Yesterday, the Federal Trade Commission announced a broad investigation of Facebook, saying they have “substantial concerns about the privacy practices of Facebook.” In a letter to Facebook Founder and CEO, Mark Zuckerberg, a group of state attorneys general demanded specific answers about how companies like Cambridge Analytica accessed the information of Facebook users without those users’ permission. The moves by the FTC and 37 state attorneys general are in addition to the three congressional committees that have already called Zuckerberg to testify next month about the user-data breach. RELATED: Facebook revokes data firm’s access for helping Trump campaign but didn’t mind when Obama did the same thing Facebook has also been sued by Cook County, Illinois, whose state attorney says Facebook violated Illinois’ fraud law. One Facebook user is suing them for violation of user privacy. A shareholder is suing because of the steep drop in stock price after the Cambridge Analytica data harvesting scandal was revealed.

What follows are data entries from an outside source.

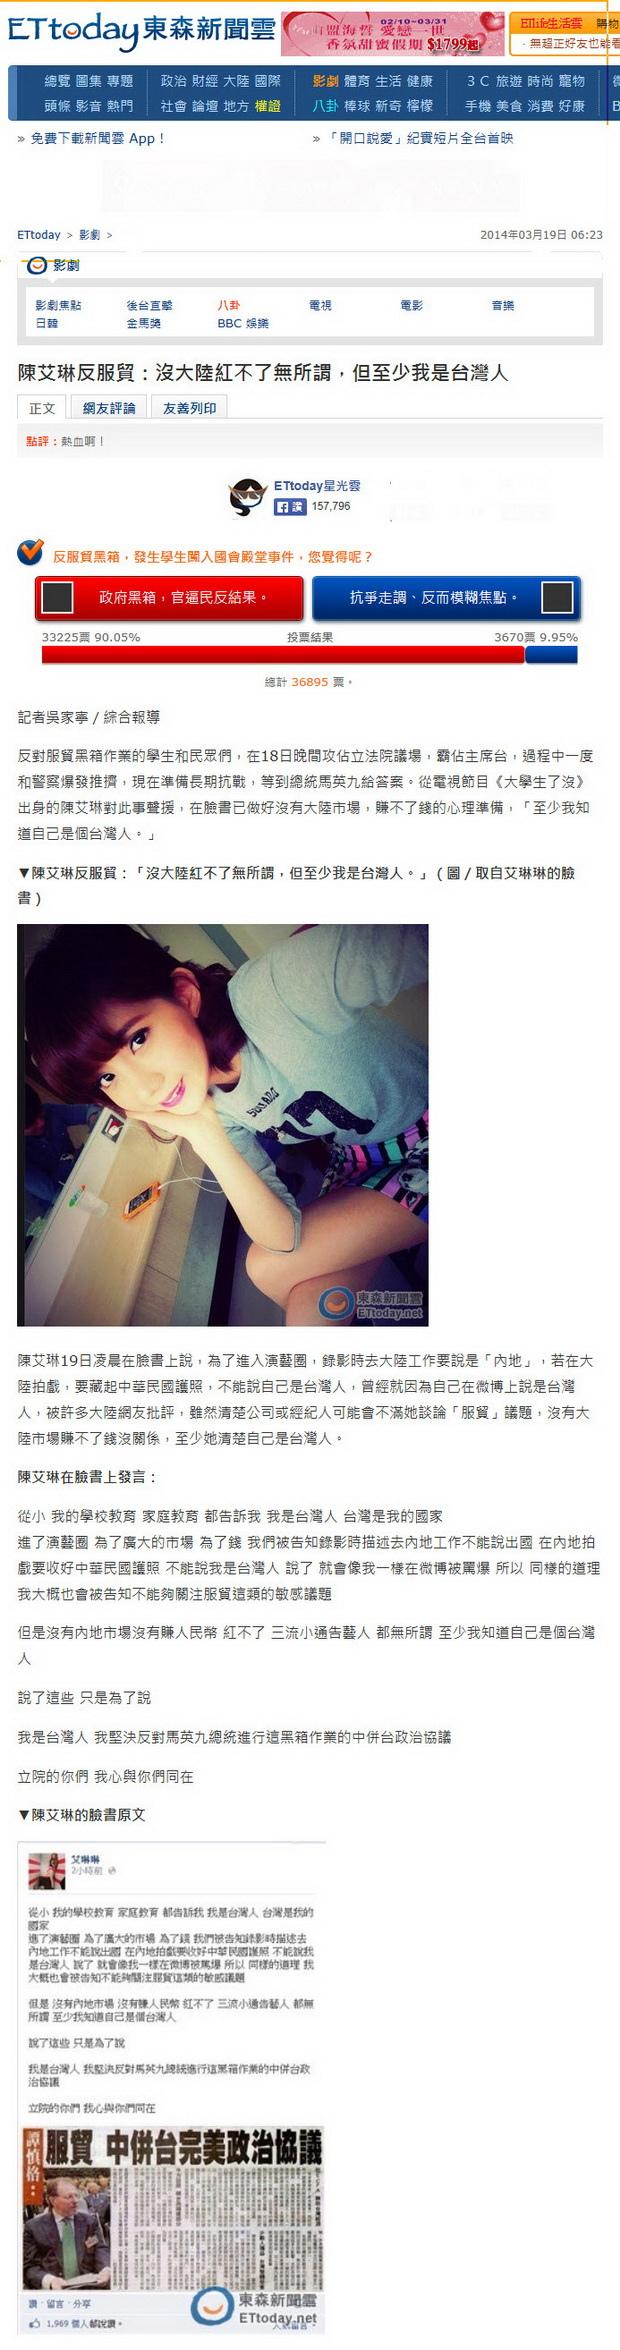 陳艾琳反服貿:沒大陸紅不了無所謂,但至少我是台灣人-2014.03.19.jpg
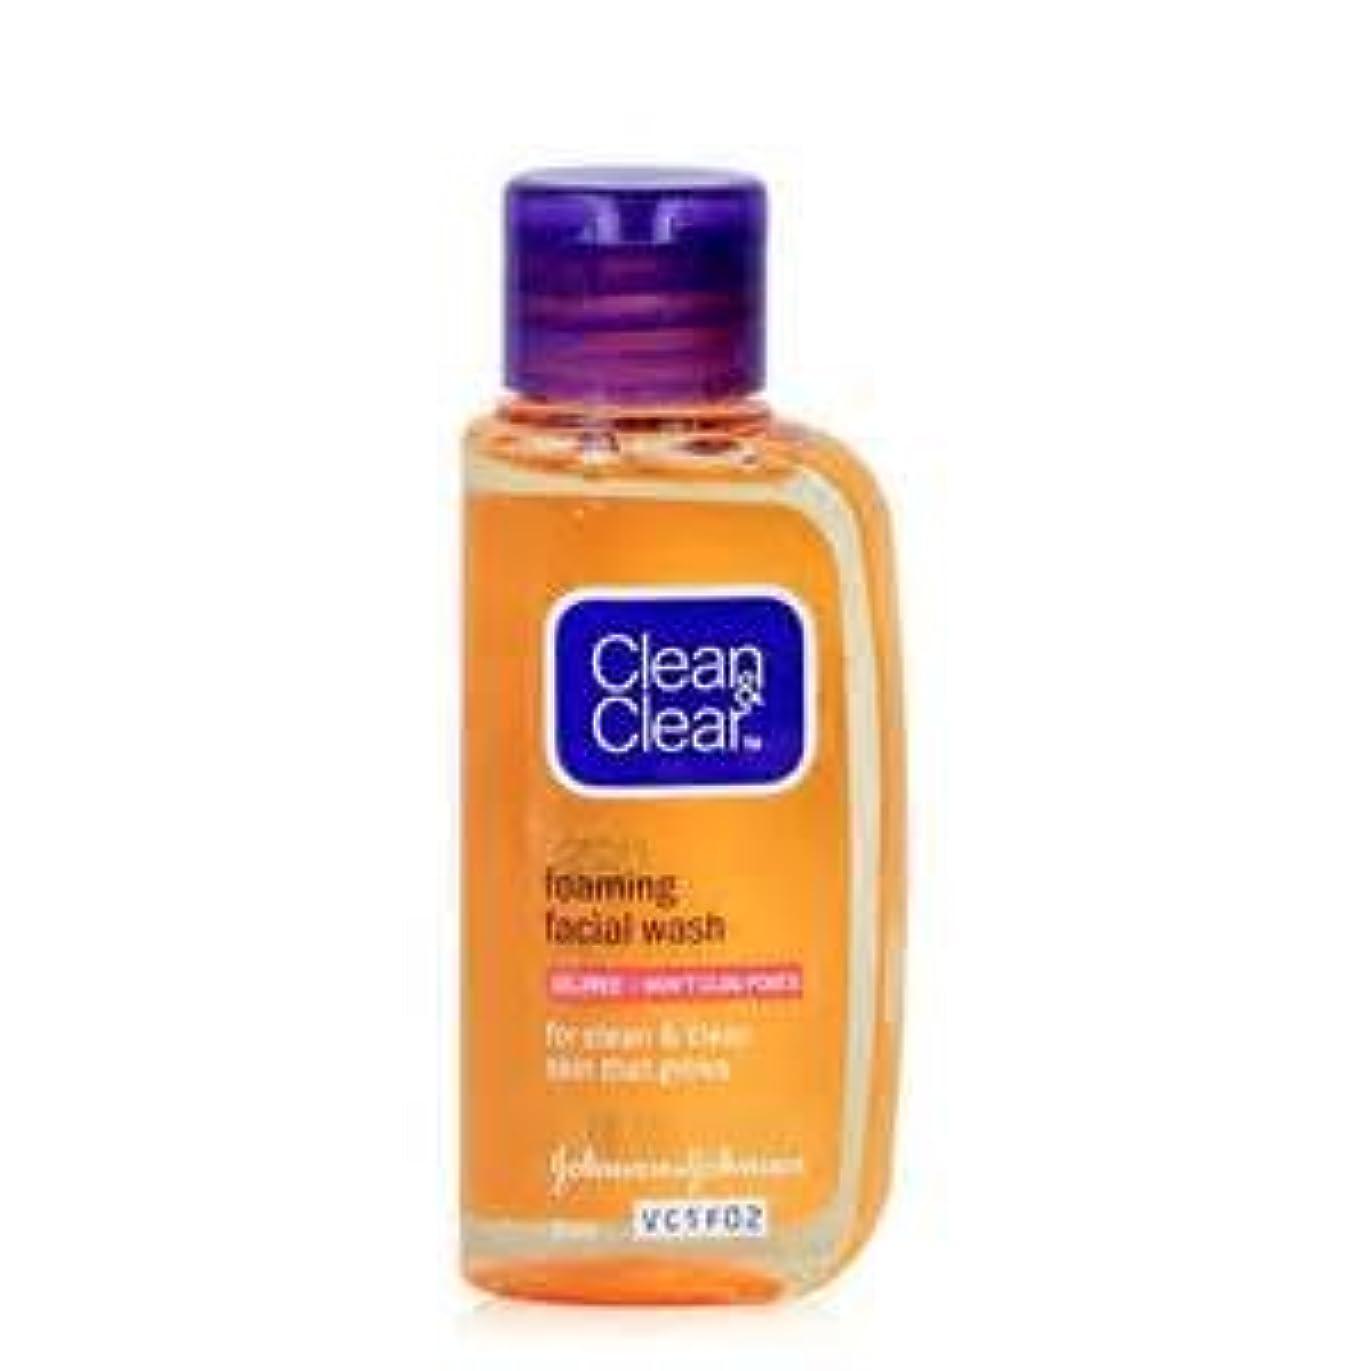 粘着性シロナガスクジラ犯罪クリーン&クリア エッセンシャル フォーミング フェイシャル ウォッシュ clean&clear essentials foaming facial wash 50ml
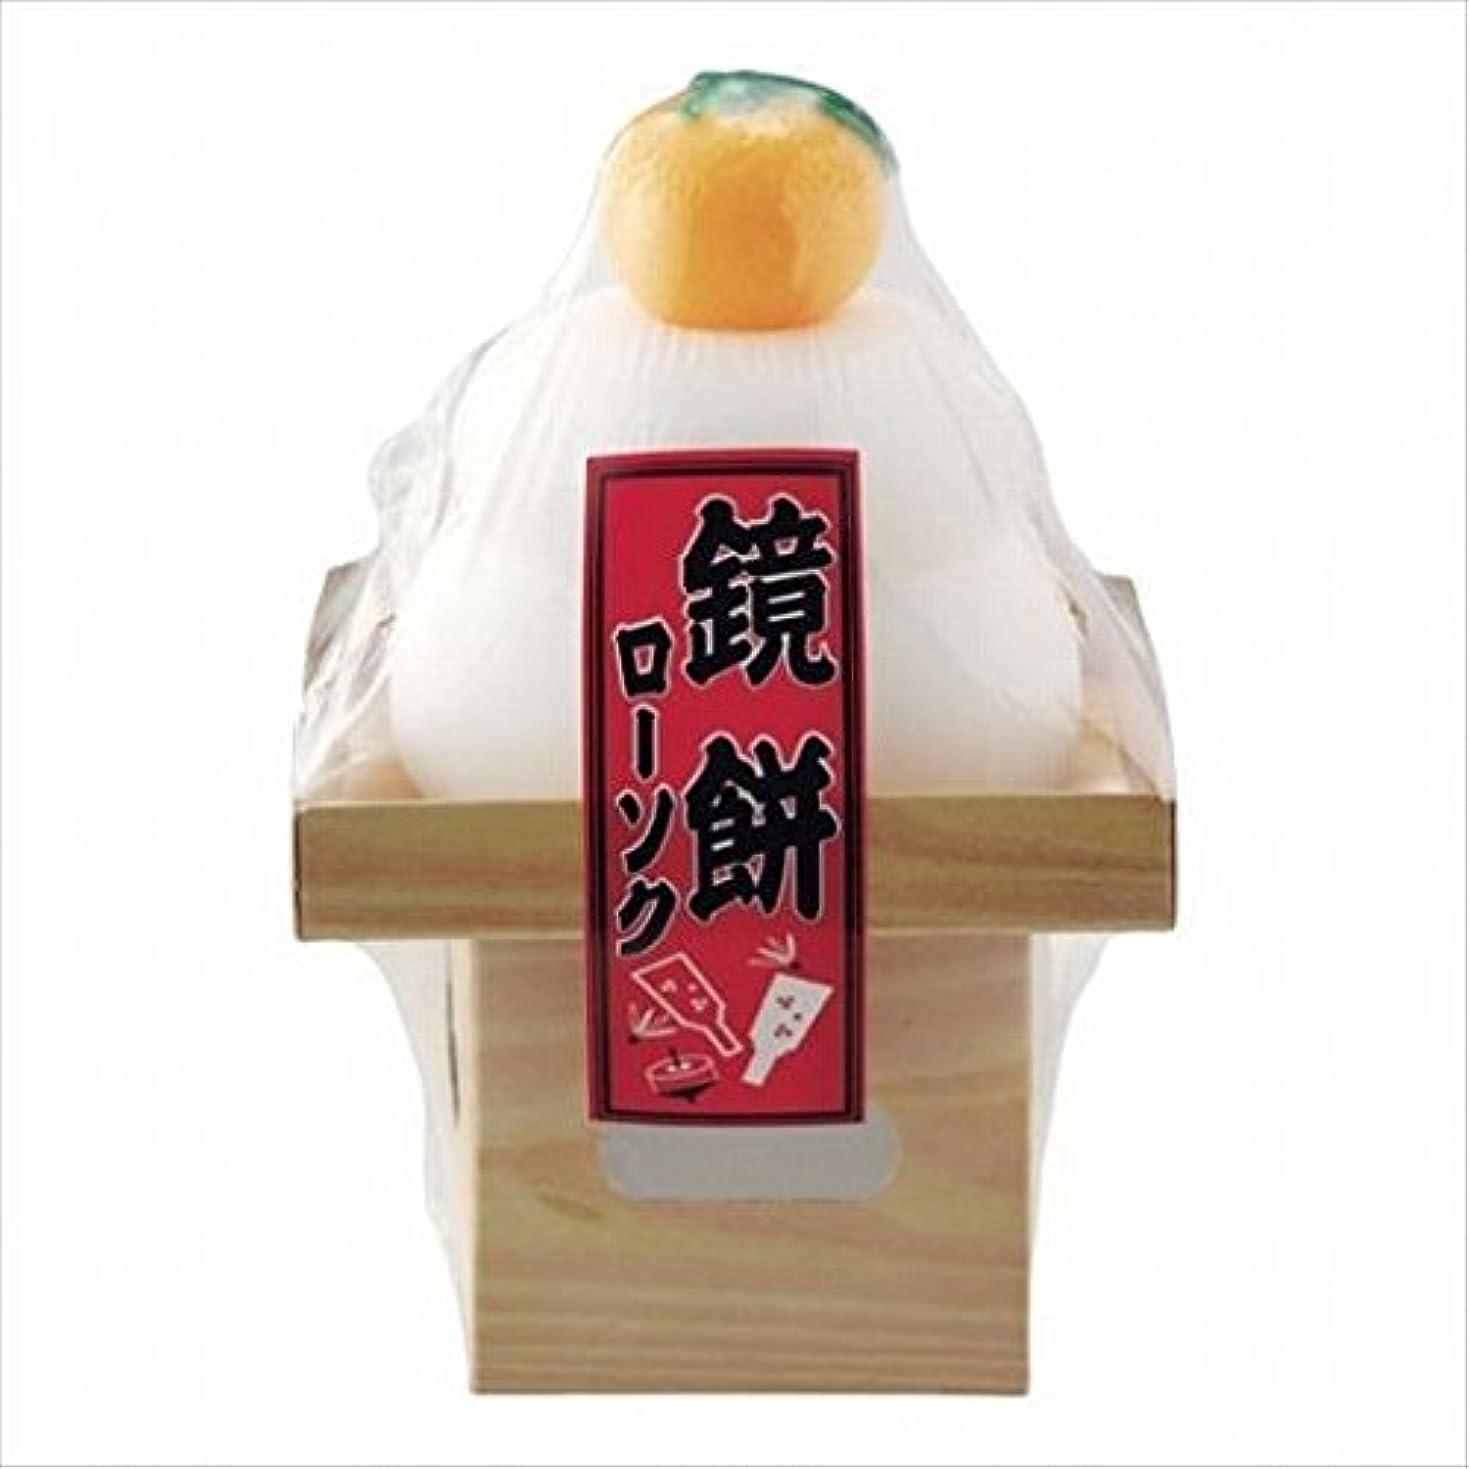 気づかない遺体安置所師匠kameyama candle(カメヤマキャンドル) 鏡餅ローソク キャンドル(21500000)
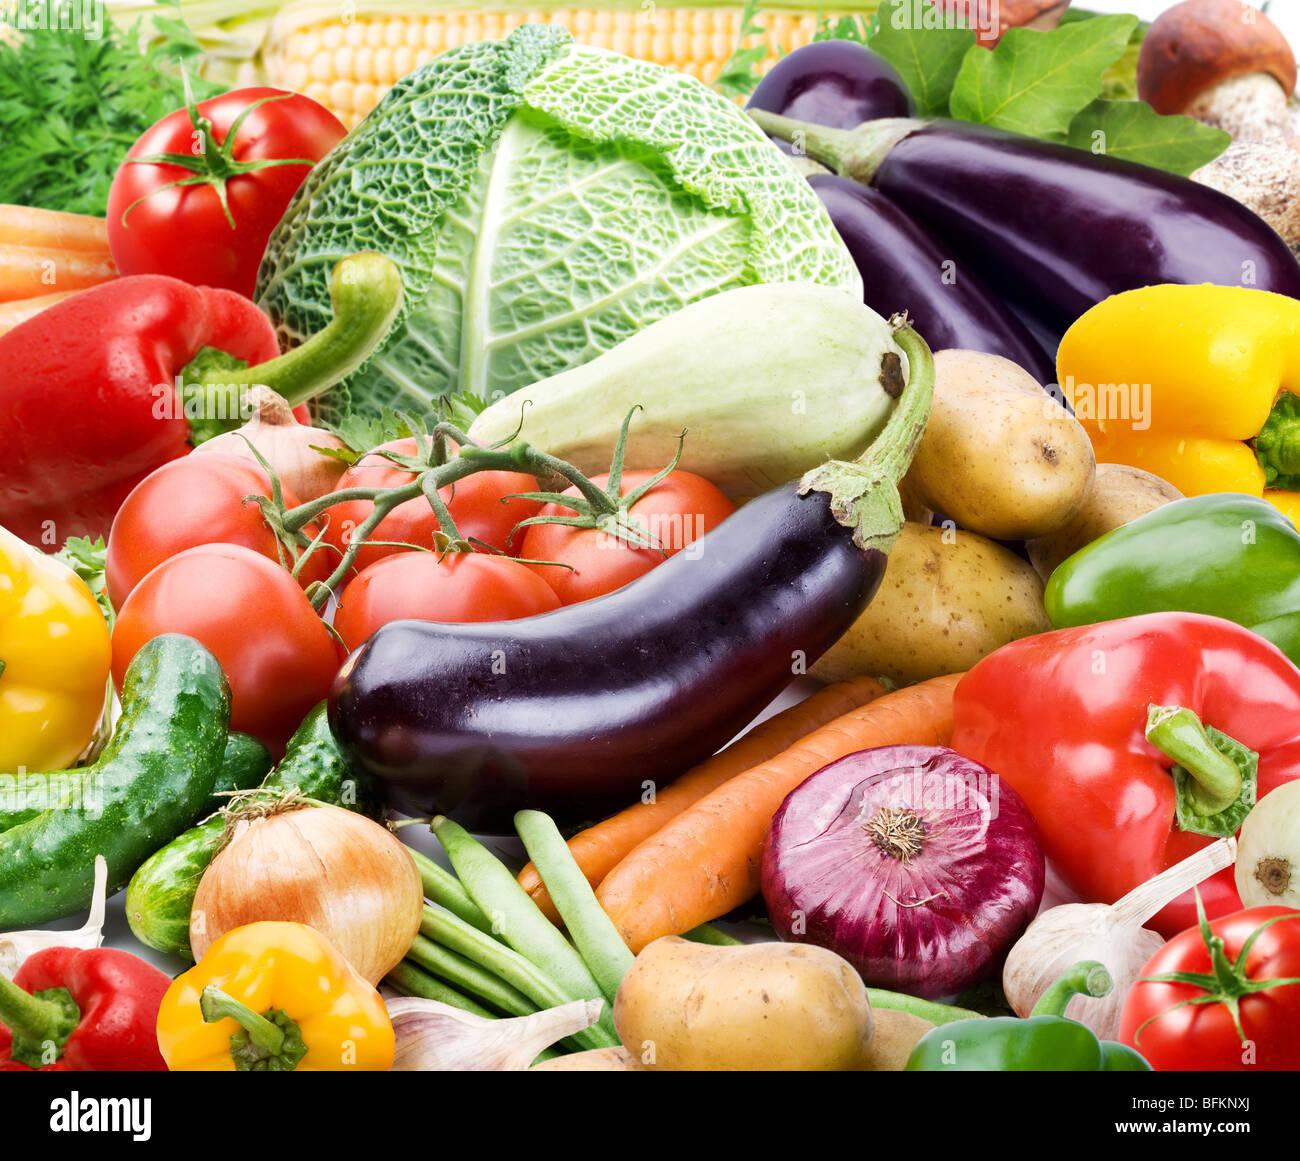 Bunten heller Hintergrund besteht aus verschiedenen Gemüsen Stockbild

Because of all the negative headlines, and Zuckerberg’s late effort to answer questions about the Cambridge Analytica mess, Facebook stock lost $75 billion in market value last week. Forbes reported that the personal net worth of Zuckerberg dropped by $5 billion.
This is not new
In 2012, the Obama campaign encouraged supporters to download an Obama 2012 Facebook app that, when activated, let the campaign collect Facebook data both on users and their friends.
According to a July 2012 MIT Technology Review article, when you installed the app, “it said it would grab information about my friends: their birth dates, locations, and ‘likes.’ ”
More than a million people downloaded the app, which, given an average friend-list size of 190, means that as many as 190 million had at least some of their Facebook data vacuumed up by the Obama campaign — without their knowledge or consent.
If anything, Facebook made it easy for Obama to do so. A former campaign director, Carol Davidsen, tweeted that “Facebook was surprised we were able to suck out the whole social graph, but they didn’t stop us once they realized that was what we were doing.”
The campaign could deliver carefully targeted campaign messages disguised as messages from friends to millions of Facebook users.
The campaign readily admitted that this subtle deception was key to their Facebook strategy.
“People don’t trust campaigns. They don’t even trust media organizations,” Teddy Goff, the Obama campaign’s digital director, said at the time. “Who do they trust? Their friends.”
The effort was called a “game-changer” in the 2012 election, and the Obama campaign boasted that it was “the most groundbreaking piece of technology developed for the campaign.”
The vast majority of people involved in these data-mining operations had no idea they were participating. And in the case of Obama, they had no way of knowing that the Obama campaign material cluttering their feed wasn’t really just political urgings from their friends.